64 bytes from 192.168.x.x: icmp_seq=0 ttl=63 time=4.786 ms
Request timeout for icmp_seq 1
64 bytes from 192.168.x.x: icmp_seq=1 ttl=63 time=1327.736 ms
64 bytes from 192.168.x.x: icmp_seq=2 ttl=63 time=327.432 ms
64 bytes from 192.168.x.x: icmp_seq=3 ttl=63 time=14.336 ms
64 bytes from 192.168.x.x: icmp_seq=4 ttl=63 time=6.274 ms
64 bytes from 192.168.x.x: icmp_seq=5 ttl=63 time=780.346 ms
64 bytes from 192.168.x.x: icmp_seq=6 ttl=63 time=594.021 ms
64 bytes from 192.168.x.x: icmp_seq=7 ttl=63 time=15.676 ms
64 bytes from 192.168.x.x: icmp_seq=8 ttl=63 time=1583.478 ms
64 bytes from 192.168.x.x: icmp_seq=9 ttl=63 time=583.196 ms
64 bytes from 192.168.x.x: icmp_seq=10 ttl=63 time=6.155 ms
64 bytes from 192.168.x.x: icmp_seq=11 ttl=63 time=501.331 ms
Request timeout for icmp_seq 13
64 bytes from 192.168.x.x: icmp_seq=12 ttl=63 time=2772.456 ms
64 bytes from 192.168.x.x: icmp_seq=13 ttl=63 time=1772.326 ms
64 bytes from 192.168.x.x: icmp_seq=14 ttl=63 time=771.900 ms
64 bytes from 192.168.x.x: icmp_seq=15 ttl=63 time=591.271 ms
64 bytes from 192.168.x.x: icmp_seq=16 ttl=63 time=8.635 ms

Not sure if the same as https://github.com/greearb/ath10k-ct/issues/139

graysky2 commented 4 years ago

I think @greearb needs you to do the bisect.
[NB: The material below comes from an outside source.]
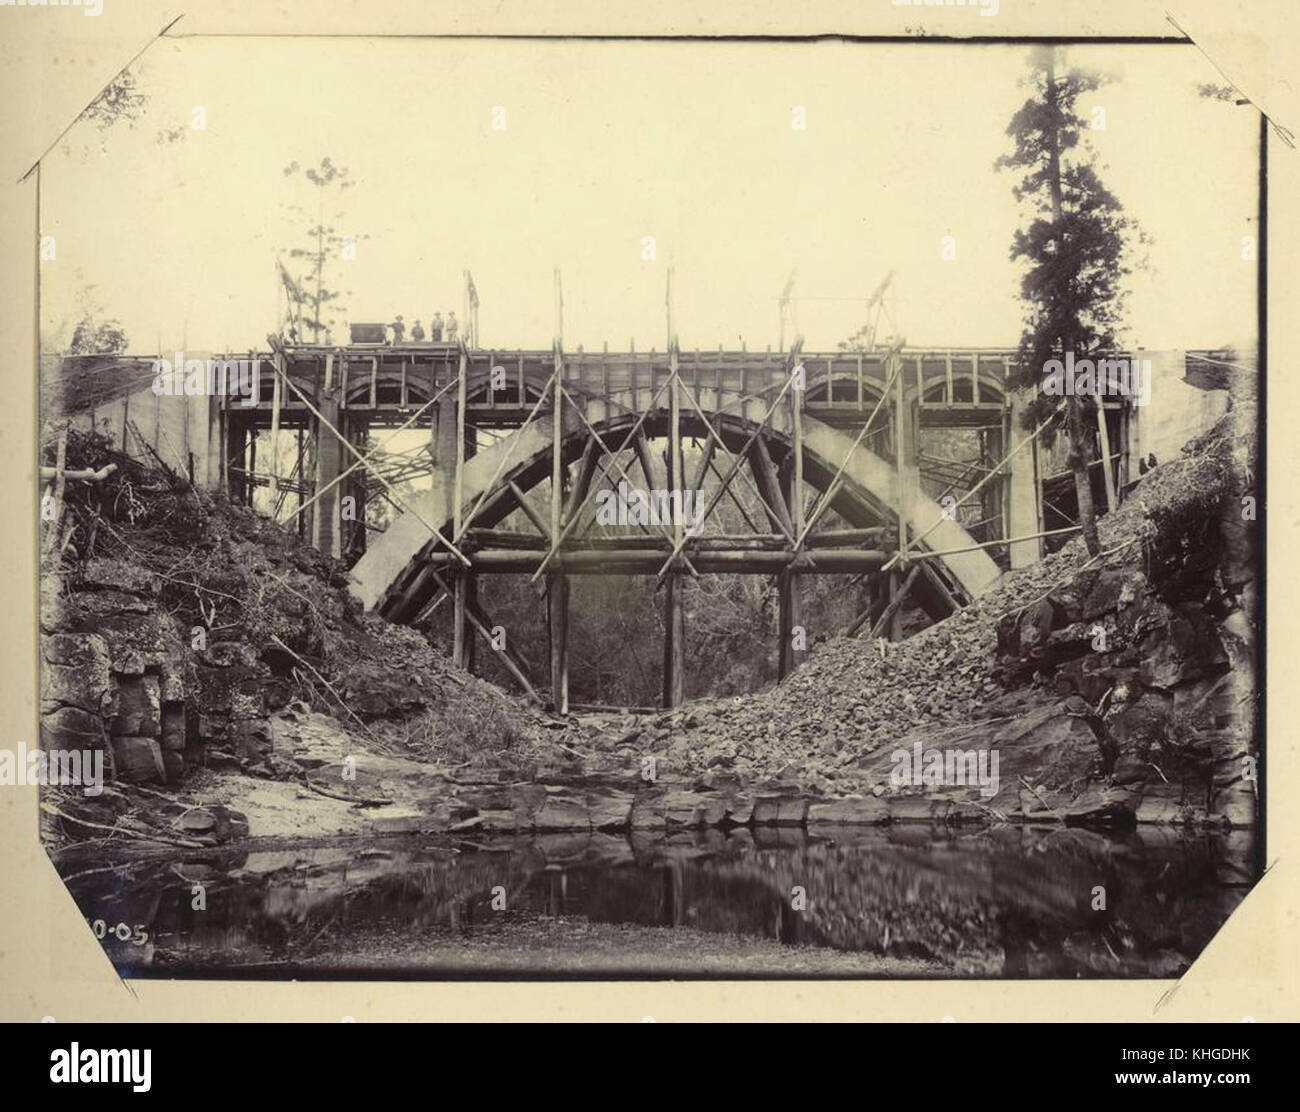 2 255930 Deep Creek ponte ferroviario in via di completamento, Gayndah district, 1905 Foto Stock

It's not that difficult but can be time consuming particularly if the bug is not triggered instantly. Fortunately, for me in #139 , it is really straightforward to see the bug. Before you dig into bisecting, have you tried the ath10k driver and firmware? For me, there is no bug running it.

On your OW device:

opkg update
opkg remove kmod-ath10k-ct ath10k-ct-firmware
opkg install kmod-ath10k ath10k-firmware
reboot
timkgh commented 4 years ago

I'm all too familiar with the "old" driver/firmware, that's what I normally run (hnyman's builds) as that works best for me with my variety of clients. It also works to simply replace just the firmware file with the "old" one and still use the "ct" driver, for me the problems are clearly in the firmware.

Once in a while I try "ct" to check if the issues still persist. Over time some got fixed (e.g. issues with my Nest E thermostat) while new ones popped up.